As it happens, the question of whether black characters are purposely being sacrificed has been explained. The Walking Dead showrunner Dave Erickson recently defended casting choices of the three black characters that die in rapid succession as “the best actors to play those parts,” which certainly stokes both sides of the racism debate. But the intent of Kirkman, Erickson, et al has little relevance in the sense that the audience ultimately assumes control of interpretation. And for some, the raw feelings that the show’s imagery elicits prove too powerful to allow those storytellers the benefit of the doubt.

3 seasons, and no one even asked T-Dog what his real name was. We've all been that black friend.
3 seasons and no one even asked T-Dog what his real name was. We’ve all been that black friend.

But the distrust of The Walking Dead is only part of an ongoing relationship black audiences have with the entertainment industry. The retreat from The Walking Dead on the grounds of recurrent black suffering resembles the fatigue some black consumers feel from the continued output of 19th-century American Slave narratives and other period pieces depicting blacks in roles of servitude. Recent examples like Steve McQueen’s 12 Years A Slave and Lee Daniels’ The Butler were both directed by black men, but Hollywood executives (most of whom are white) supporting these projects more often than contemporary stories of black triumph hints at the insidiousness of white liberalism in power.
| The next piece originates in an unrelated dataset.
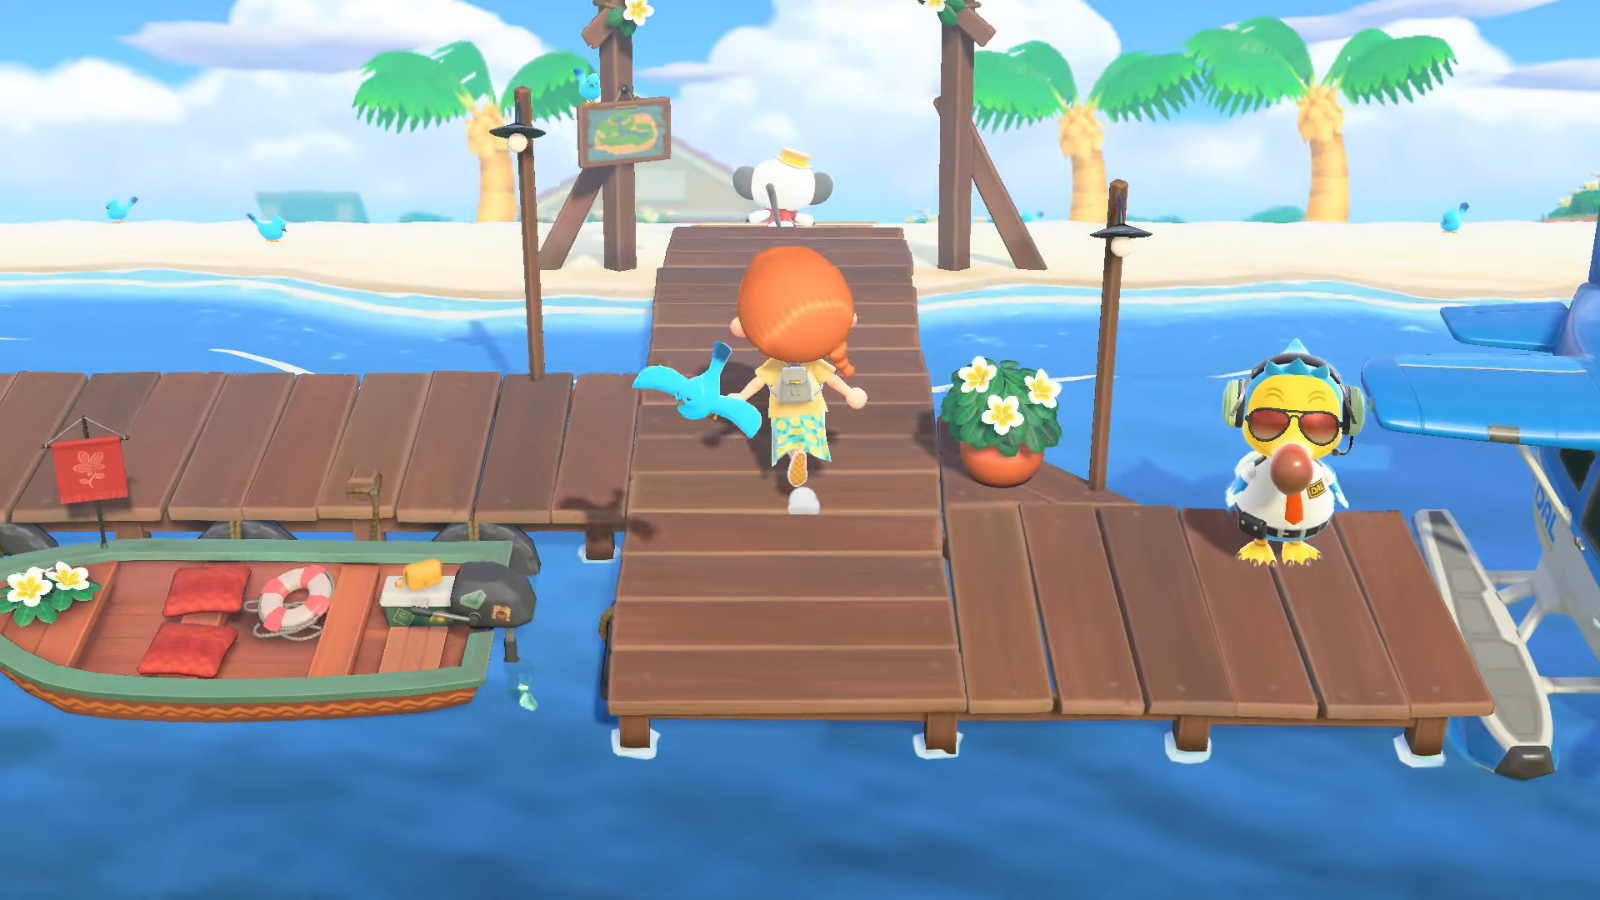 Animal Crossing: Happy Home Paradise's Best New Features

By acclaiming reminders of how bad black people used to have it, thus mitigating concern over how much further we as a society still have to go, Hollywood can appease black audiences through representation without disrupting the conservative status quo.

Citing such duplicity at work in The Walking Dead may be unfair, but the sensitivity about the treatment of black characters comes from an authentically painful reality, which supersedes the hyperactive echo chamber also known as the Internet. And although it is just a television show, The Walking Dead can be appreciated a sociopolitical commentary despite the pain it is up against. Whether black audiences will remain fans or continue denouncing it as racist, black presence in the show has largely redefined how the genre is perceived, meanwhile creating a memorable moment in the history of American television by moving horror into the mainstream unlike any series before it.

Such an acknowledgement may sound like a “Meh, they could be doing us worse.” But in reality, it’s more of a “Watch it or don’t, but there’s some seriously interesting stuff happening here.”